Collaborative filtering is a powerful tool to identify the most representative latent dimensions that can best describe the rating matrix. This decomposition to a great extent helps to characterize useful attributes that can best “predict” a future rating (or reputation). While collaborative filtering methods like the one discussed above do not provide a natural labeling of the latent factors, it would perhaps be interesting to combine collaborative filtering with more sophisticated data mining approaches to obtain natural labeling for discovered latent dimensions.

Another benefit of using a collaborative filtering approach is that it can improve the expressiveness of a reputation system. So far most reputation systems rely on a single (and often naive) dimension for scoring agents, e.g., accomplishment rate for AMT. But there exists potentially many other dimensions that help determine such a “reputation score”.

Naturally the above procedure faces challenges that classical recommender systems have. First, the recommendation-based reputation system need to deal with the cold-start problem (cf. Sedhain et al., 2014), when a new worker arrives. This to a certain degree may discourage new users. Second, the accuracy of the above approach depends on various modeling assumptions. When a model works and when it doesn’t are interesting questions for future studies.

2.1 Theoretical Approaches

We provide some initial thoughts on how one can formally approach reputation systems as a kind of recommender systems.

A first question to solve is an offline learning problem: Given reviews acquired so far (say requesters reviewing workers), how can we predict which matches of requesters to workers would be valuable in the future? One could cast this as a matrix completion kind of problem and apply collaborative filtering techniques to predict the “missing entries”, i.e. reviews that would be given for unknown matches (cf. Koren et al., 2009). Another approach would be to apply techniques from crowdsourcing for inferring underlying parameters given responses on tasks (cf. Moon ,1996; Karger et al., 2014). If we can infer parameters for reviewer and worker preferences and skills, perhaps we can use these for prediction.

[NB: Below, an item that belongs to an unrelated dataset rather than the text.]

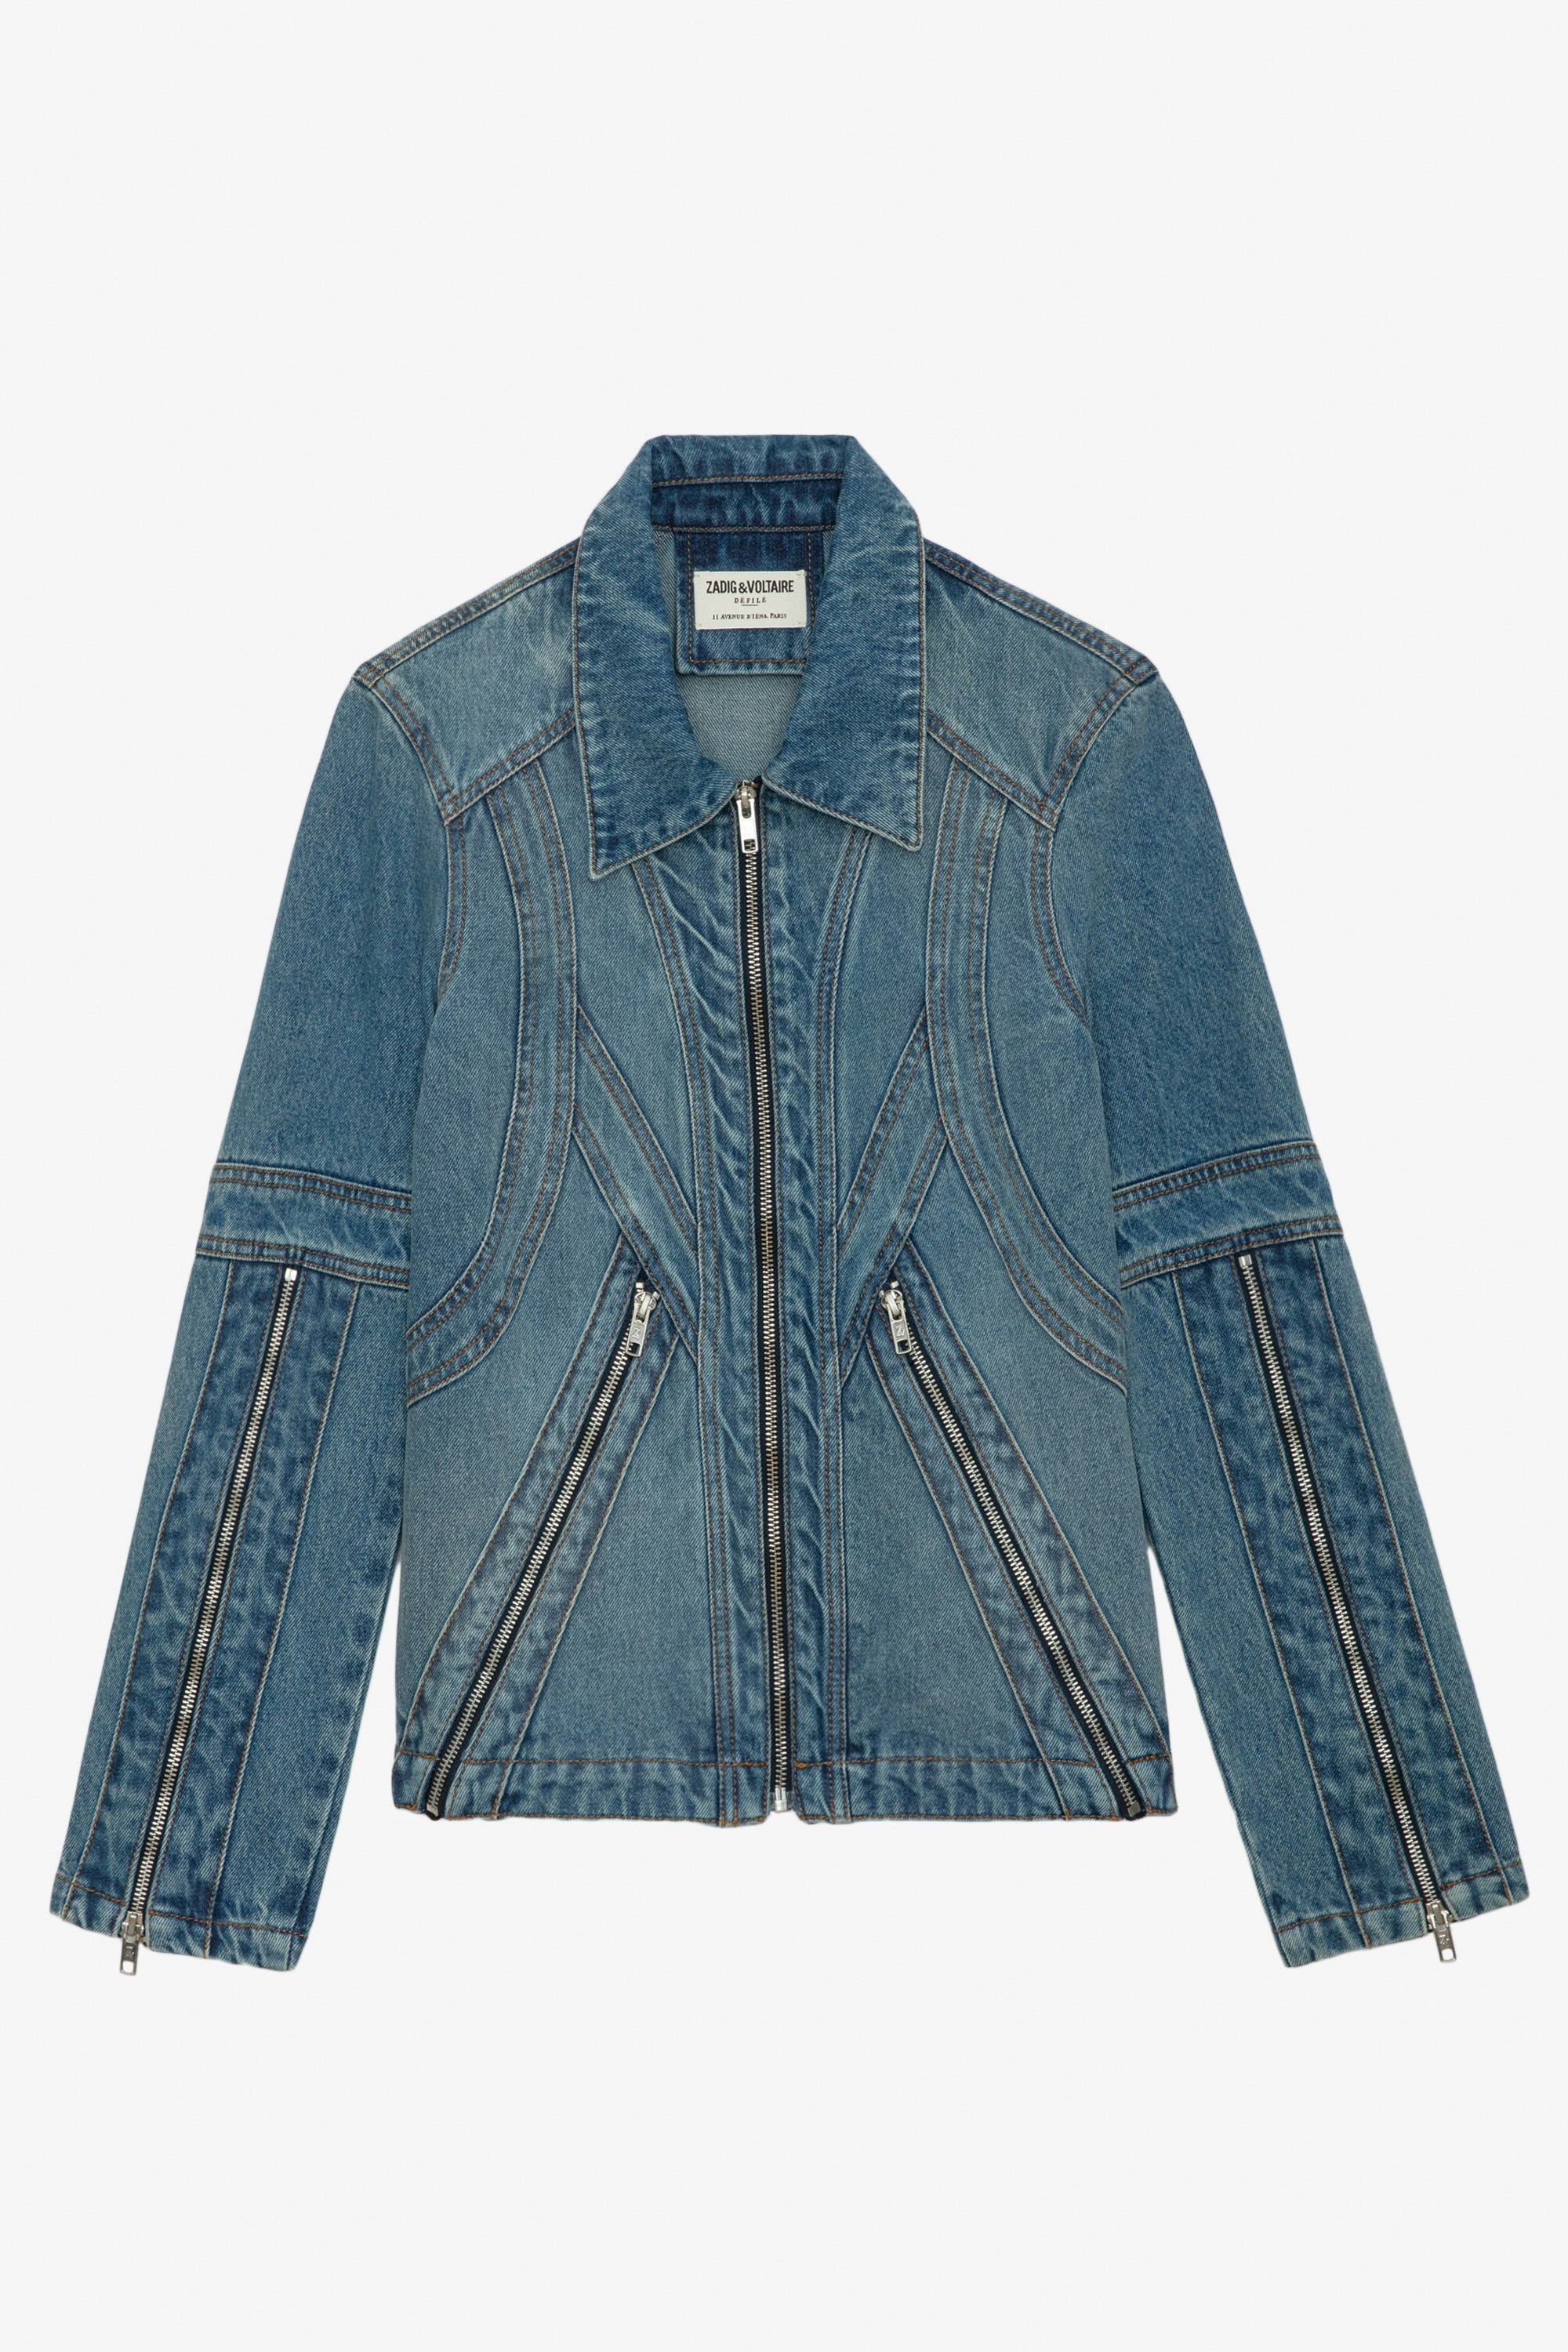 Bons Denim Jacket - Faded denim jacket with zip fastening and couture details.

A next step is to make this problem dynamic. A system obtains new reviews over time and can make or influence future assignments of workers to requesters. There is an explore-exploit tradeoff because the system may benefit in the long run from initially making suboptimal assignments in order to learn about skills and preferences.  (In some systems an initial questionnaire could directly elicit preferences.)  Here, an interesting challenge is to combine algorithmic approaches such as bandit learning or active learning with the above inference algorithms (cf. Bresler et al., 2015).

Finally, further study of the incentives of recommender systems is warranted.  Such a study would need to explicitly model for the utility of a requester in terms of the accuracy of reviews provided and recommendations received.  See (cf. Jurca and Faltings, 2003; Dasgupta and Ghosh, 2013) for initial work in this area.

3. Feedback Elicitation

Another approach to reversing the direction of the marginal cost greater than marginal value inequality is to increase the informativeness of elicited feedbacks while maintaining or lowering the marginal cost of providing informative feedback.

In many reputation systems, users are asked to provide a numerical rating or score for sellers or service providers that they have interacted with.  If there is no option to opt out of providing a rating, arguably the strategy of always giving a five-star rating without regard to the actual experience is as costless as possible for the users. This strategy however leads to completely uninformative ratings that defies the purposes of eliciting feedbacks.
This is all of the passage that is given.